Busty Ashbaugh

Personal information
- Born: September 12, 1889 Youngstown, Ohio, U.S.
- Died: November 20, 1953 (aged 64) Youngstown, Ohio, U.S.

Career information
- High school: Rayen School
- College: Brown

Career history

Playing
- 1915–1917: Youngstown Patricians

Coaching
- 1914–1938: South High School

Awards and highlights
- Ohio League champion (1915); 2× Third-team All-American (1911, 1912);

Other information
- Allegiance: United States
- Branch: U.S. Army
- Service years: 1918–1919
- Conflicts: World War I

= Busty Ashbaugh =

American football player and coach (1889–1953)

Russell G. "Busty" Ashbaugh Sr. (September 12, 1889 - November 20, 1953) was a celebrated American football player at Brown University who went on to coach competitive teams at South High School, in Youngstown, Ohio.

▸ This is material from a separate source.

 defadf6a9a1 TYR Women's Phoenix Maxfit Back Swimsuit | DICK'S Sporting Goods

He played an important role in the formation of several future coaches, including collegiate legends such as Dike Beede and Wes Fesler.

== Playing career ==
Ashbaugh was born in the industrial hub of Youngstown, to W. N. and Clara Butler Ashbaugh. His father served as a clerk for the city's Board of Education for 40 years. Ashbaugh gained early recognition as a football standout at Youngstown's Rayen School.

Upon graduation from Rayen, he went on to Brown University, where he won second-team recognition on Walter Camp's All-America squad as team captain. Ashbaugh played for Brown between 1909 and 1914. After graduating from Brown, Ashbaugh returned to his hometown and played professionally for the Youngstown Patricians.

== Coaching career ==
In 1914, Ashbaugh replaced Perle Denman as coach of South High School, and as his obituary notes, "the team started to make gridiron history". During Ashbaugh's tenure, South High teams scored 135 wins while suffering only 36 defeats. His coaching career as interrupted only briefly by World War I, when he served as a gunner in a machine gun unit. He returned to his coaching position in 1919. While dividing his time between coaching and teaching, he also studied law at Youngstown's YMCA night school, and was admitted to the bar in 1922.

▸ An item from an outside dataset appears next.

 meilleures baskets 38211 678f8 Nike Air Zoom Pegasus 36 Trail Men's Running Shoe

Beyond his contributions as a mentor to All-American football players, Ashbaugh trained many coaches who went on to lead winning high school and collegiate teams. As his obituary notes: "The coaching game in the area is filled with his proteges such as "Dike" Beede, Youngstown College; Ches McPhee, Chaney (High School); Dick Barrett, East High athletics director and for 25 years a coach; Jack Cramb, North (High School); Cyril James, formerly of Ursuline (High School) and Sharon (High School); Howard Hartman, assistant at Colgate (University); Wes Fesler and others".

Ashbaugh retired from coaching in 1938, and was replaced by John McFee.

== Later life ==

Following his retirement from coaching, Ashbaugh retained his position as a math teacher at South High School and remained active as a booster of the Warriors football team. In the Youngstown area, his contributions to coaching were widely recognized, and on May 17, 1953, he was the guest of honor at a testimonial dinner held at Youngstown's Tippecanoe Country Club. His obituary notes: "More than 200 former South High footballers, members and coaches of opposing teams attended. Mr. Ashbaugh was presented with a television set".

On the afternoon of November 20, 1953, Ashbaugh suffered a massive heart attack, "as he was sitting in a chair preparing to follow the afternoon football games on radio and television".

His funeral services were held at the Shriver-Allison South Side Funeral Home. Besides his wife, the former Thelma Ross, whom he married on February 5, 1919, Ashbaugh left behind his son, Russell Jr., of Edwardburg, Michigan; a brother W.B., of Youngstown; and two grandchildren. A daughter, Mrs. Thelma Action, died in 1950. Ashbaugh's obituary described him as "a great athlete, 'Mr. Football' to the Youngstown district and, in his coaching days, one of the nation's outstanding scholastic football tutors".

== Legacy ==

As a coach, Ashbaugh mentored athletes who went on to both collegiate and professional careers, notably Bob Dove, Harvey Brown, and son Russell "Pete" Ashbaugh, who were football standouts at the University of Notre Dame. He also trained celebrated coaches such as Wes Fesler (Ohio State University, Wesleyan University, University of Pittsburgh, and University of Minnesota) and Dwight "Dike" Beede (Youngstown State University).